The World Wide Web runs HTML, scripting languages, and object files (such as audio, video, graphics). Most of the coding is located on the web server and downloaded as needed. Scripting languages can run either on the web server (like CGI or ASP) or within the confines of the browser (like JavaScript). This section will focus on web languages that download and operate within the browser (client-side).

8.3.1 HTML

Web site documents are made up of ordinary text files conforming to the Hypertext Markup Language (HTML) standard. HTML is a subset of the larger Standardized General Markup Language (SGML) document specification in use long before HTML. A simple HTML file contains four components :

  • Text

  • Tags

  • Links

  • Other nontextual content

The text is the plain ASCII text you see displayed in your browser, or it can be used inside of tags as undisplayed code. Tags are contained within angled brackets <>, and are used to mark actions and format portions of the text. Often formatting tags come in sets of two: one to turn on a particular attribute and one to turn off the attribute. For example, <B>Malicious Mobile Code</B> in a web document would display the text, Malicious Mobile Code in a bolded format. Most HTML pages will contain a fair share of formatting tags to display even the simplest of text statements. Example 8-1 shows an example of HTML source code for a very simple web page.

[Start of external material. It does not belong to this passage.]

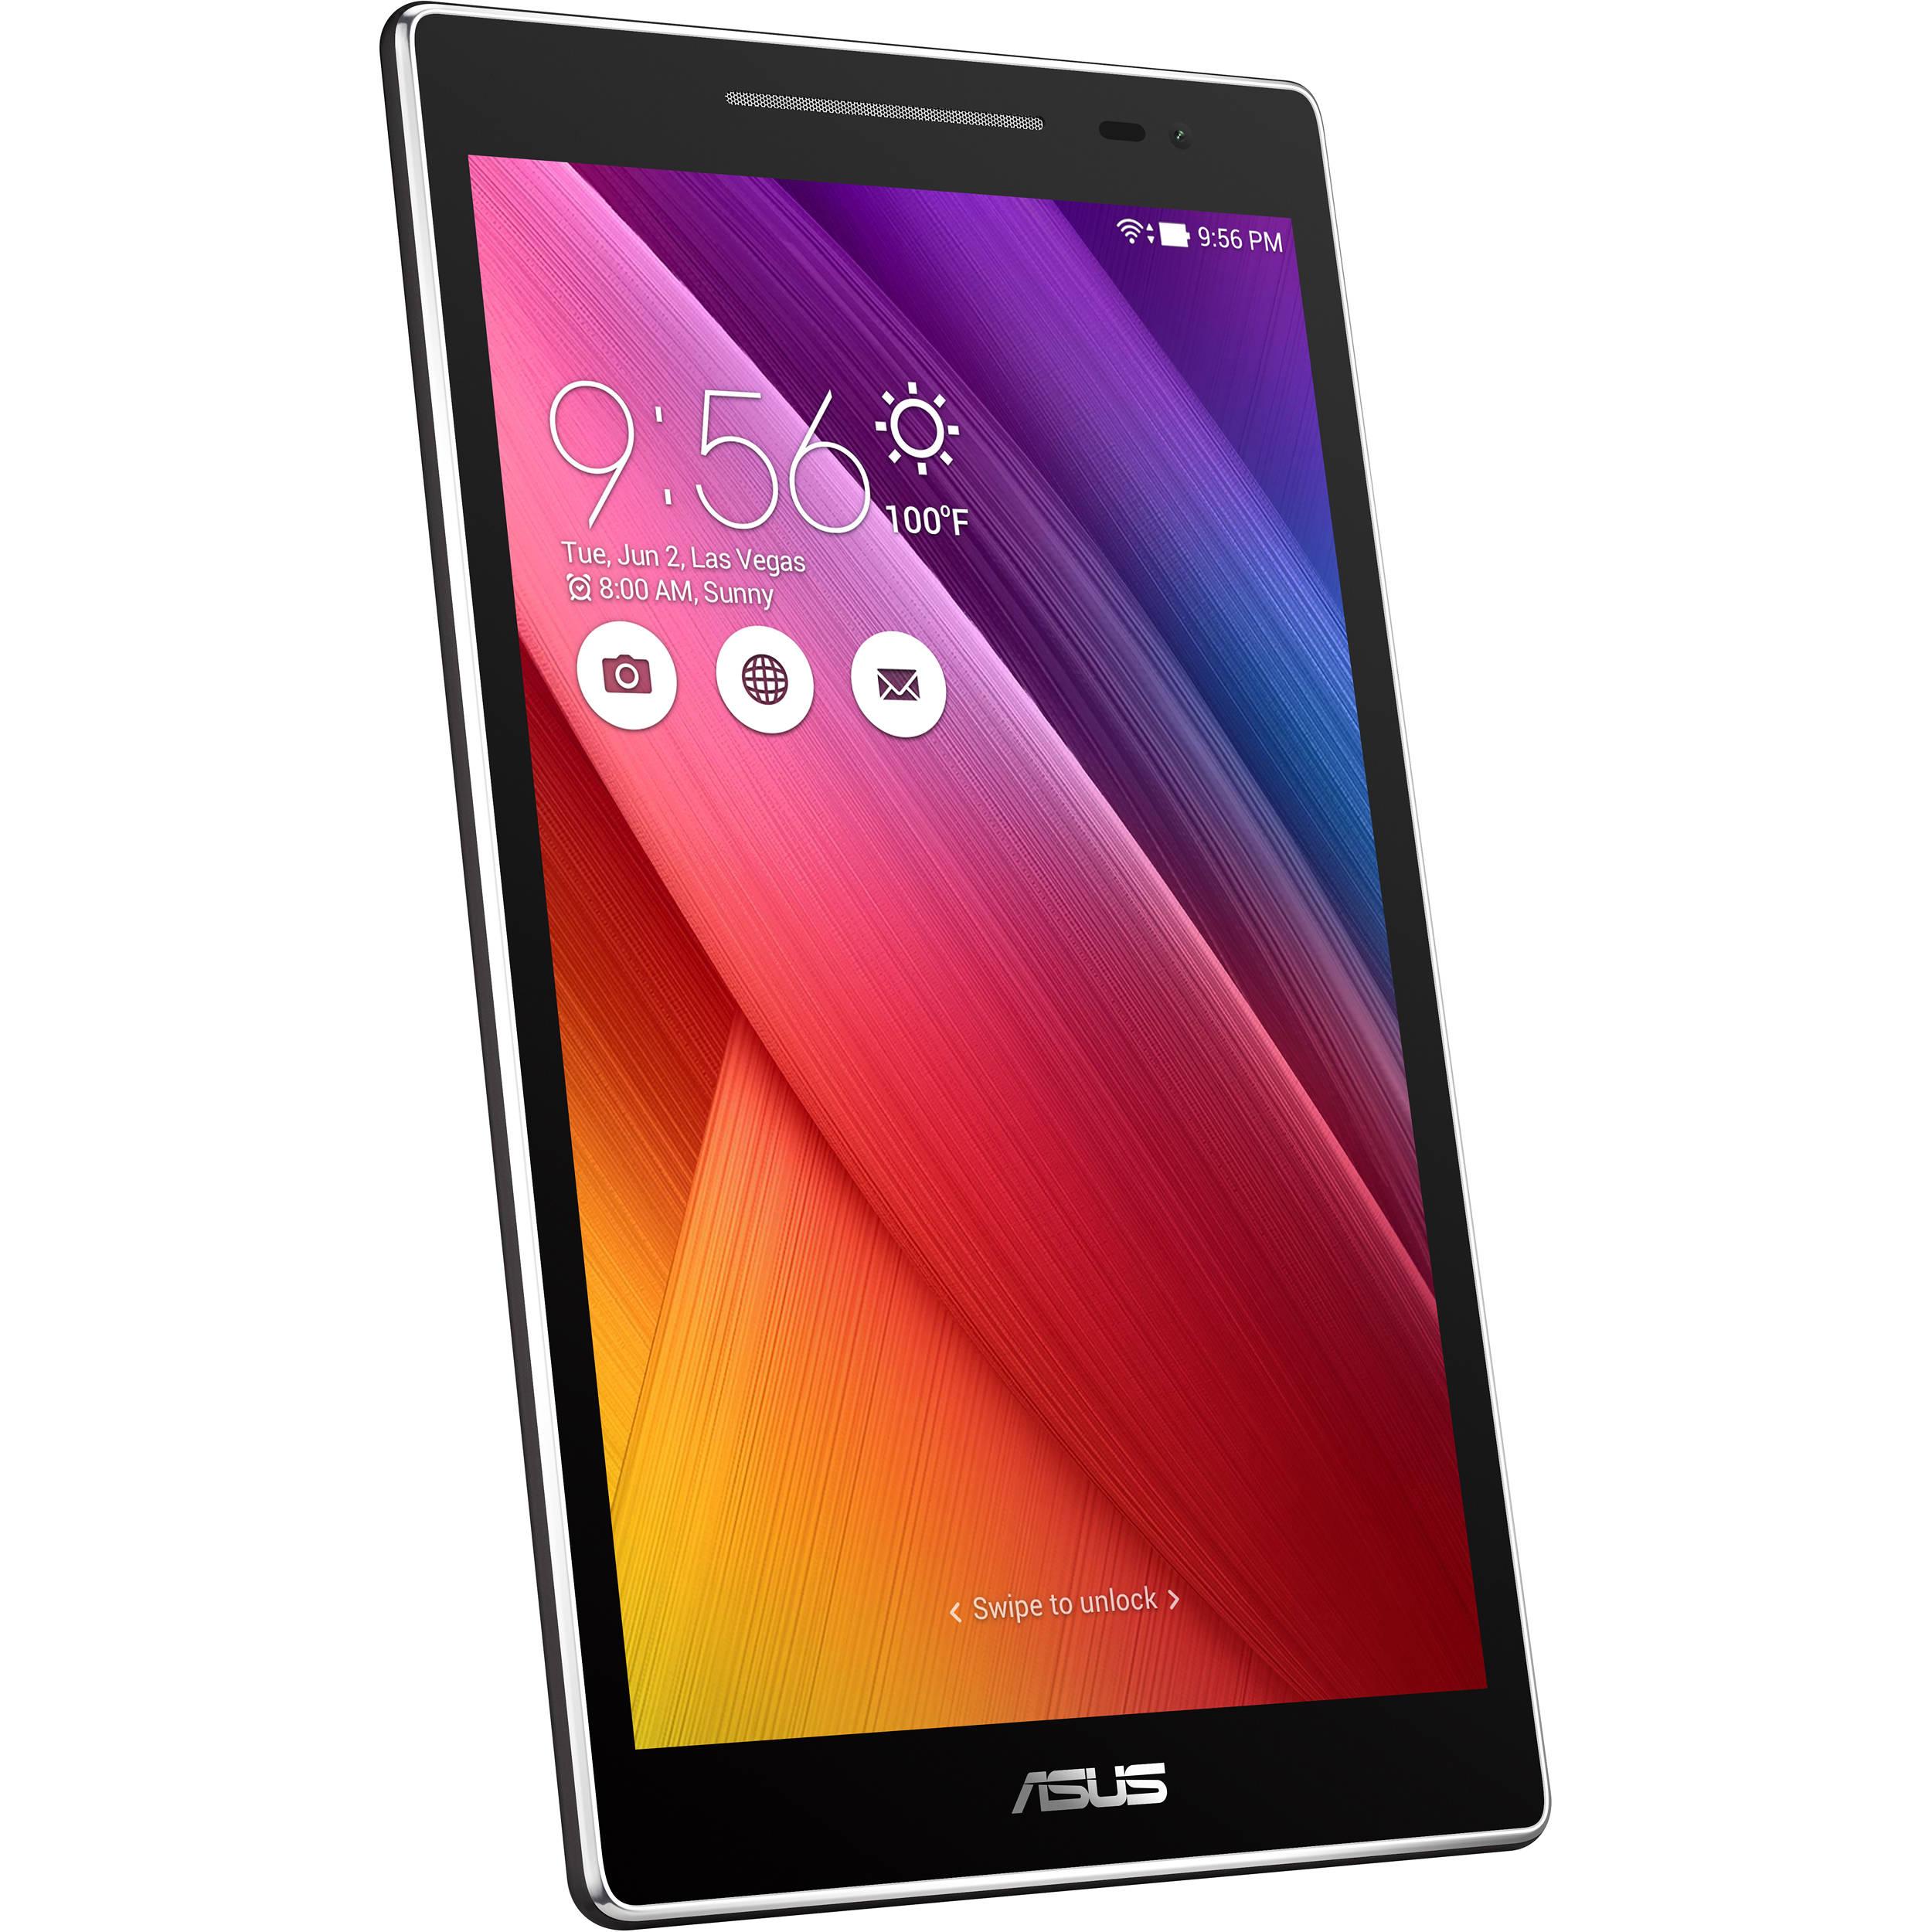 Fabulous Asus 8 Zenpad 8 0 Z380M 16Gb Tablet Wi Fi Dark Gray Download Free Architecture Designs Scobabritishbridgeorg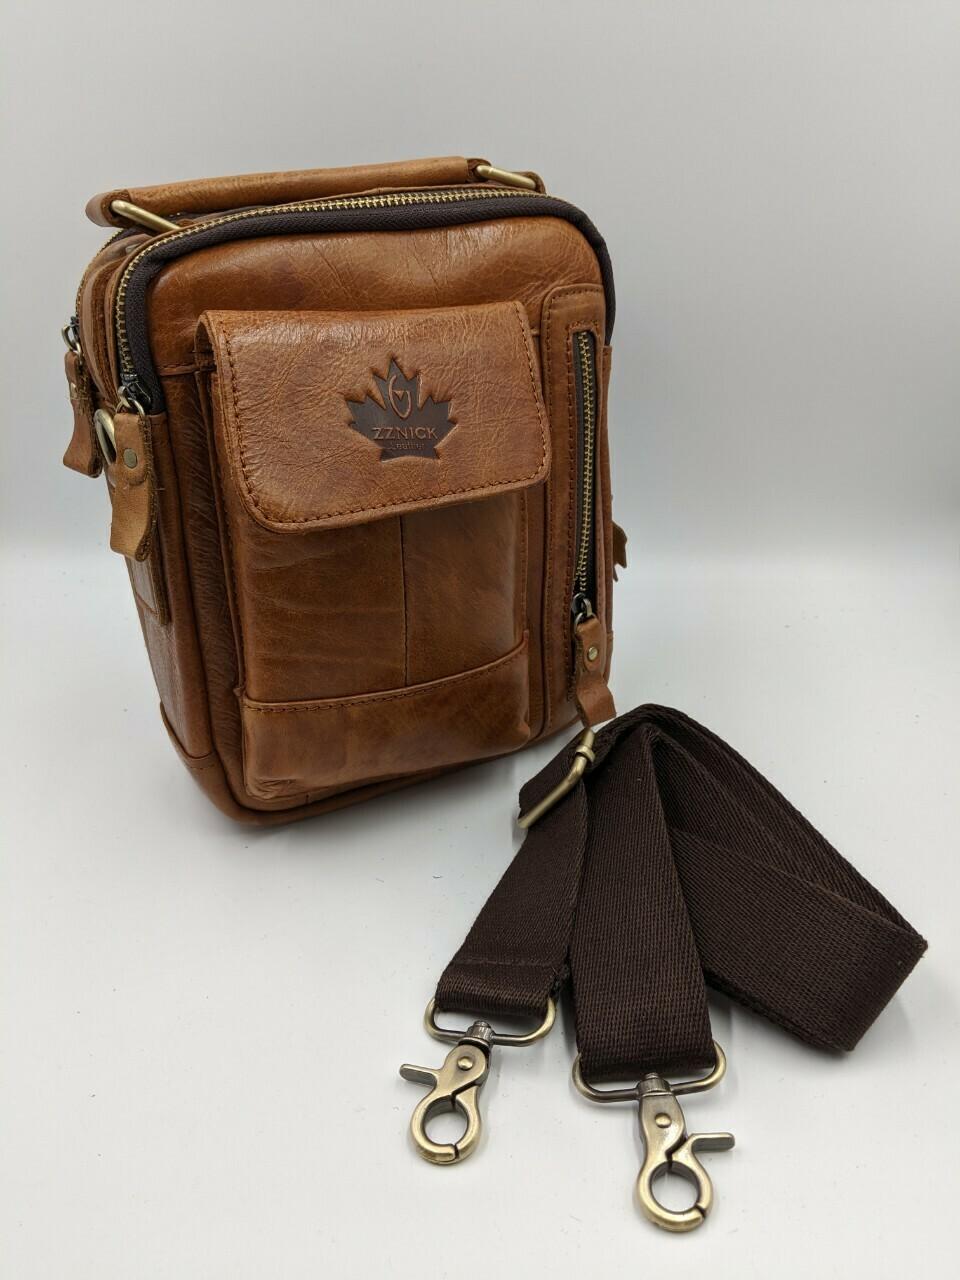 Мужская кожаная сумка zznick 65016

Example 8-1. Example of a small HTML document
 <HTML>    <HEAD>       <TITLE>Tiny HTML document</TITLE>    </HEAD>    <BODY>       <P>Hello world!    </BODY> </HTML> 

A few tags are required on all web documents. For example, all HTML documents should begin with <HTML> and end with </HTML>. Other are only used where necessary. Tags are also used to link to other types of content, like script files, audio and video files. Table 8-3 shows some of the legitimate HTML tags that can bring malicious mobile code our way.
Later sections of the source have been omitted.